Closed fniks closed 10 months ago
From my experience whisper in general needs specific encoding. You can use FFMPEG to process the audio before pushing it to transcription. I use the Node Addon so here's what I do.
async encodeForWhisper(
inputFile: string
): Promise<string> {
const newFile = `${this.tempPathDir}/${randomUUID()}.wav`;
await new Promise((resolve, reject) => {
ffmpegCommand()
.addInput(inputFile)
.audioFrequency(16000)
.audioBitrate(16000)
.audioFilters([
'lowpass=3000',
'highpass=200',
'afftdn=nf=-80',
'silenceremove=stop_periods=-1:stop_duration=2:stop_threshold=0.02',
])
.on('error', (err) => {
this.logger.error(err);
reject(err);
})
.on('end', () => {
resolve(newFile);
})
.save(newFile);
});
return newFile;
}
Using FFMPEG this changes bitrate and frequency to 16000 khz and removes any "whitespace" in the audio file.
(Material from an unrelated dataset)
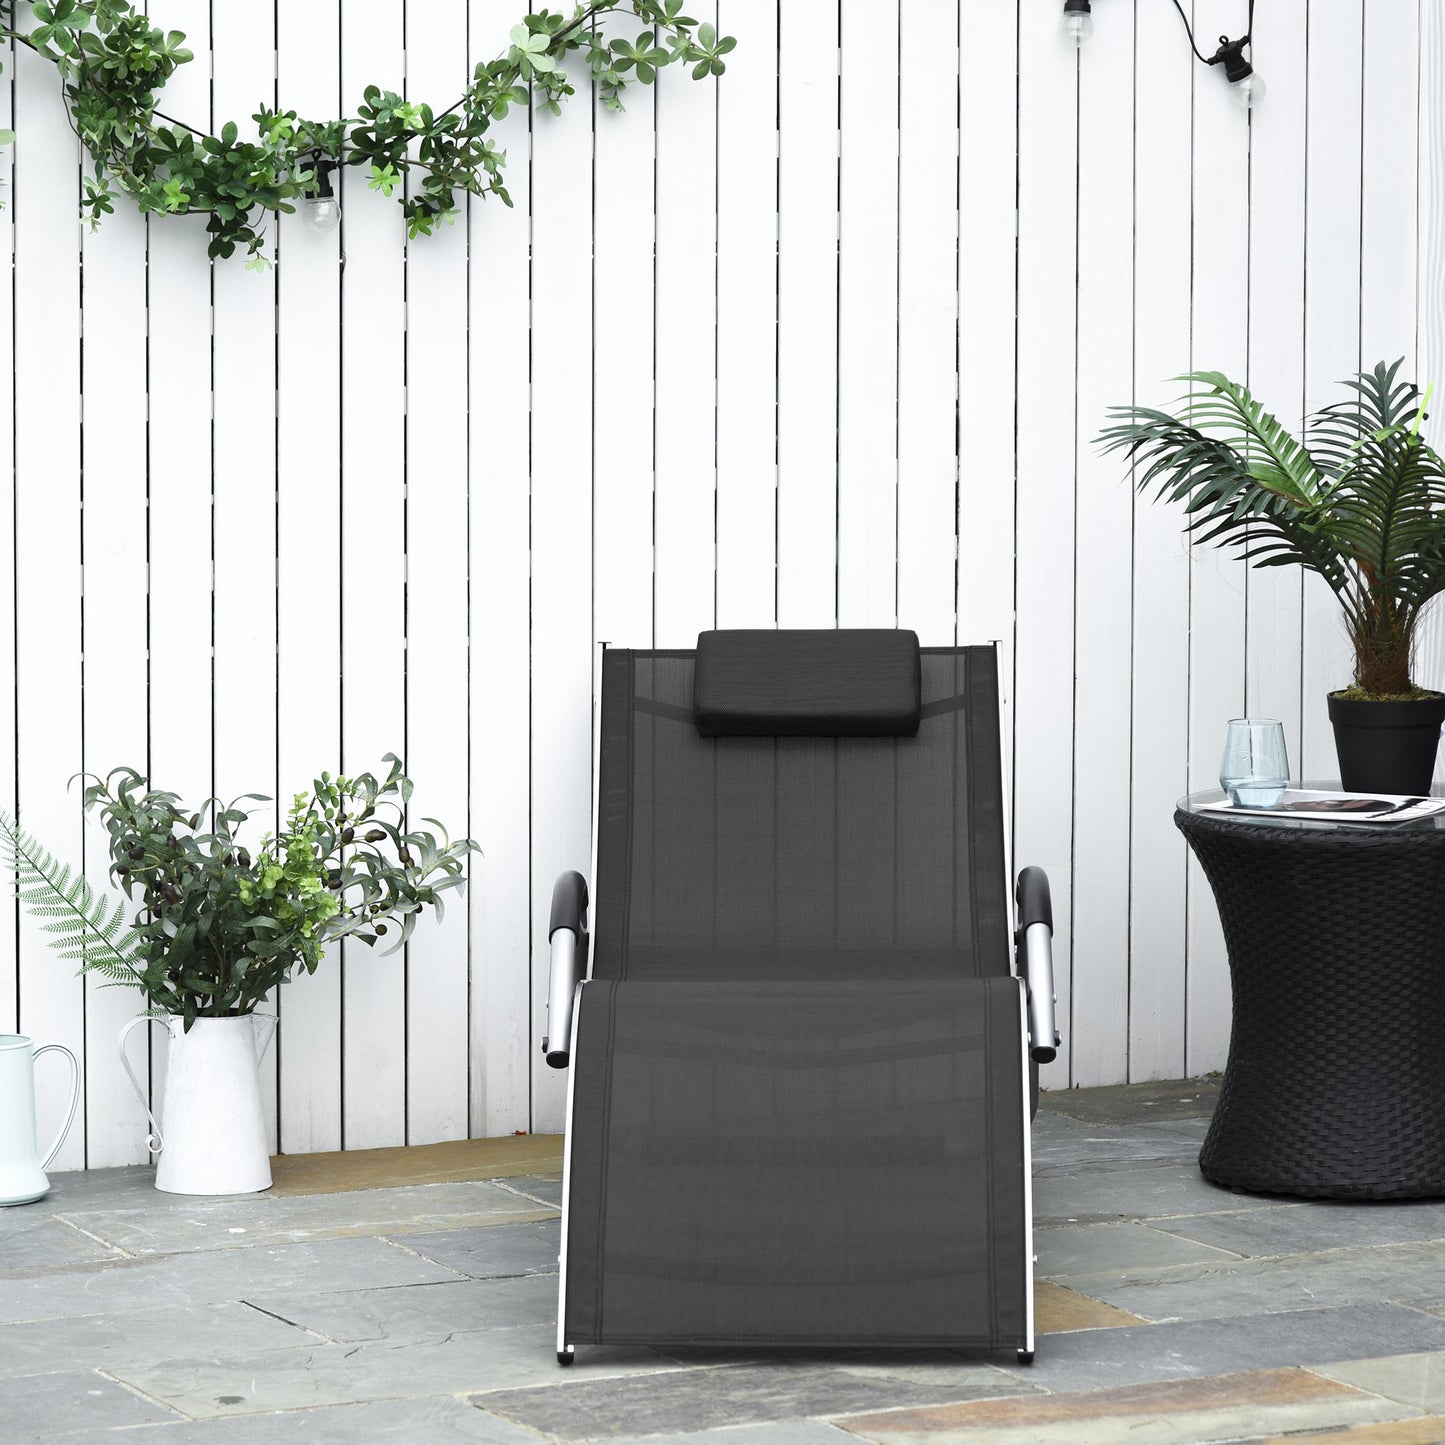 Nancy's Fernandina Beach Garden Chair - Lounger - Aluminum - Gray/Black - 160 x 60 x 65 cm

Hope that helps
Yes you have to convert to 16bit 16kHz PCM:
$ ffmpeg -i <input gile> -acodec pcm\_s16le -ac 1 -ar 16000 <output file>
@bjnortier
Yes you have to convert to 16bit 16kHz PCM:
$ ffmpeg -i <input gile> -acodec pcm\_s16le -ac 1 -ar 16000 <output file>
Do you know why is this trivial conversion not done automatically, like it is done in the original Whisper?
The original Whisper also uses ffmpeg, and requires it as an external dependency. It just runs it automatically. Not requiring ffmpeg in Whisper.cpp is the right decision, because not all platforms can use it. For example in my Swift apps I use other libraries or standard libraries.
Thank you for answering.
I understand not requiring any external dependency to get the normal functionality. In fact, I also support it.
But I don't understand why whisper.cpp can't have a highly sought extra functionality on top of the normal abilities:
Now, in order to use whisper.cpp from command line I have to spend time trying to program, test and debug some kind of helpful shell script as a wrapper for whisper.cpp, which would convert the files, run whisper.cpp and then delete extra audio files. This is just wasteful for who knows how many other people apart from me (let alone many people who don't know how to do it).
Does that sound reasonable to you?
Does that sound reasonable to you?
Yes, absolutely. However, we're not full-time developers, and there are some more urgent tasks that need our attention first. But if anyone has spare time and would like to contribute their code, please don't hesitate to open a pull request.
Does it only support wav files, not mp3?